CNCF's current CLA process requires contributors to expose a large amount of personal data and sign a PDF which is then sent via e-mail or physical mail, both of which are time-consuming and hostile to people who want to contribute while protecting their privacy.

---

We would be very grateful if the CNCF considered this or another approach and are happy to provide the GitHub tooling for it.

[ghost]

It's also worth noting that organizational CLAs are typically a bureaucratic process to get signed and are not conducive to easy contributions. The CLA added to the repository should account for that and be lightweight enough for the occasional contributor to sign themselves, making a representation that they are either owners, or have permission to contribute the code. Developer Certificate of Origin would be a good contender with the process outlined above instead of a required signature on each commit.

[dims]

@sanjacodes FYI, there is a new UI/UX for CLA, please see https://easycla.lfx.linuxfoundation.org/ ( Kubernetes has already switched to this easycla! - https://github.com/kubernetes/community/blob/master/CLA.md )

[ghost]

@dims thank you for your answer. If I'm reading this correctly, this still exposes the contributor email address to the CNCF and Docusign. Is that correct?

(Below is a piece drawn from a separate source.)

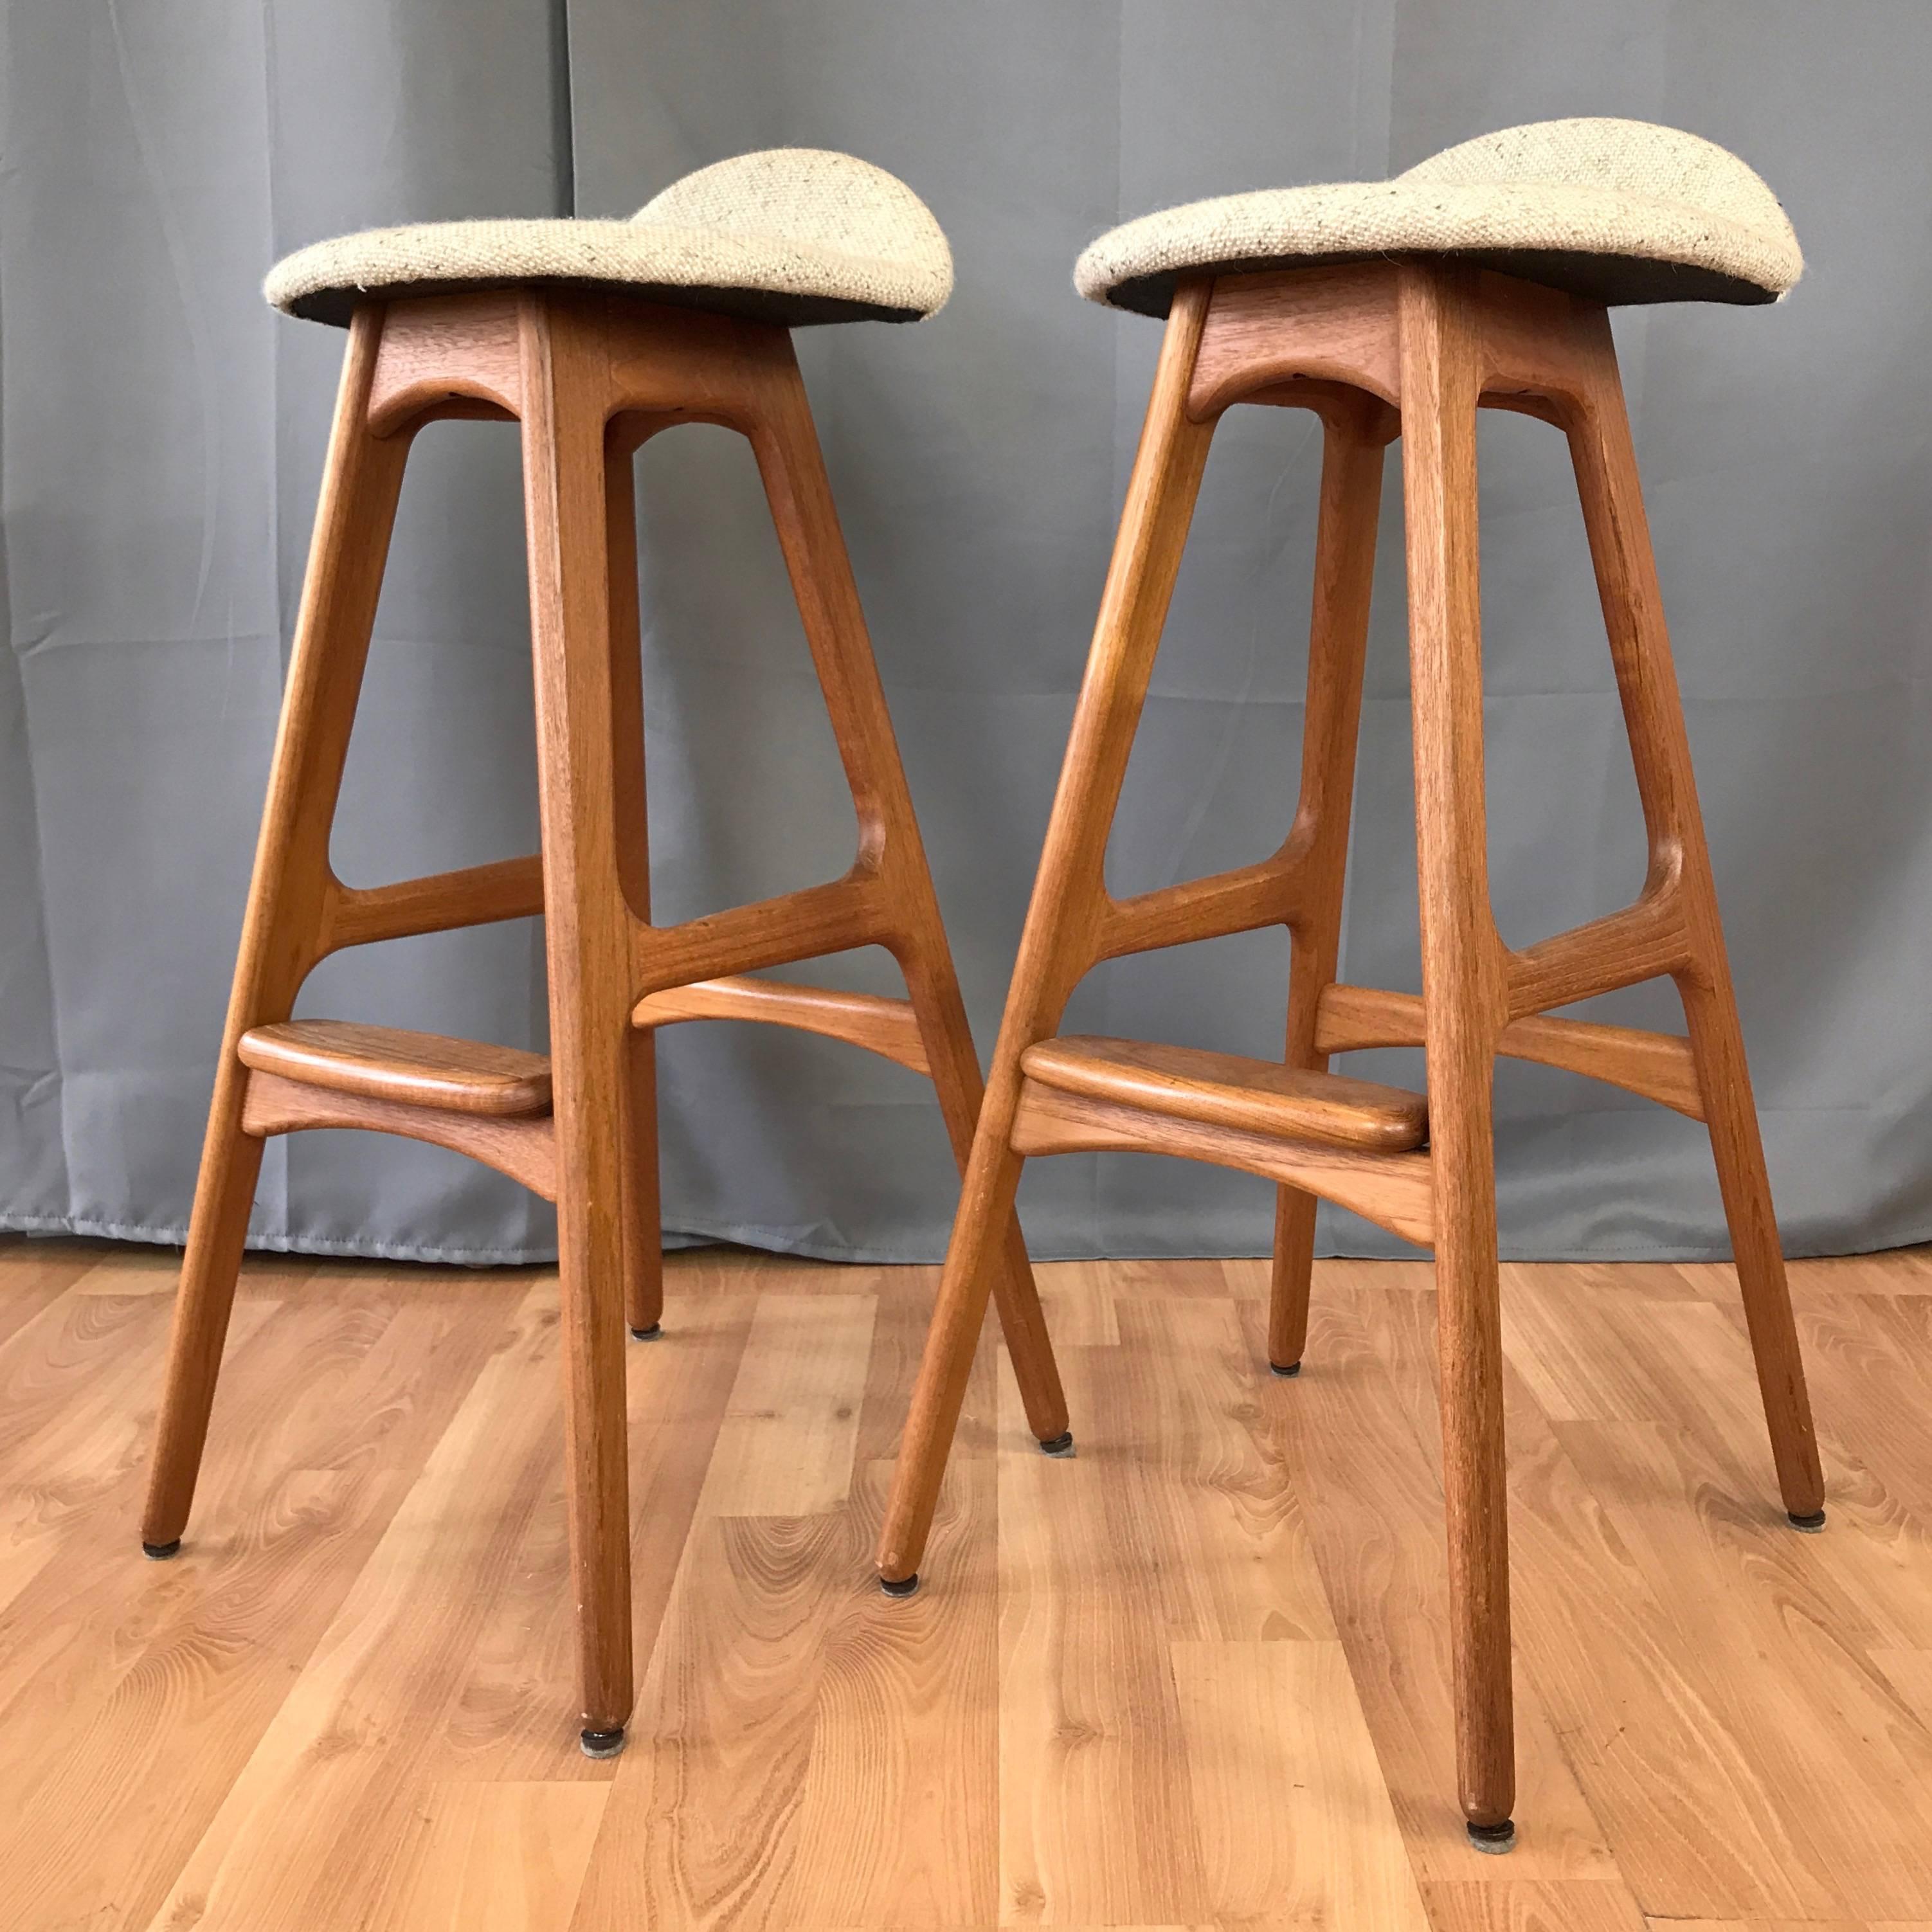 A pair of model OD-61 teak bar stools by Erik Buch for Oddense Maskinsnedkeri. 

Iconic Danish modern design with architectural lines in smoothly sculpted solid teak. Sleek seat retains its original flecked oatmeal heavy weight wool custom

It also seems to introduce quite a bit of red tape for corporate contributors.

[ghost]

Thanks for the quick reply, @dims! Our main concern with our ContainerSSH community in particular is that we are in contact with several compliance-heavy institutions using it (telcos, government, research) and we know from their comments that it would take them months to get anything signed.

Exposing all e-mail addresses they have on their profile is also not what we would want for them. The EasyCLA bot and DocuSign seem to get access to all e-mail addresses as opposed to just the one they would want to use for their contribution.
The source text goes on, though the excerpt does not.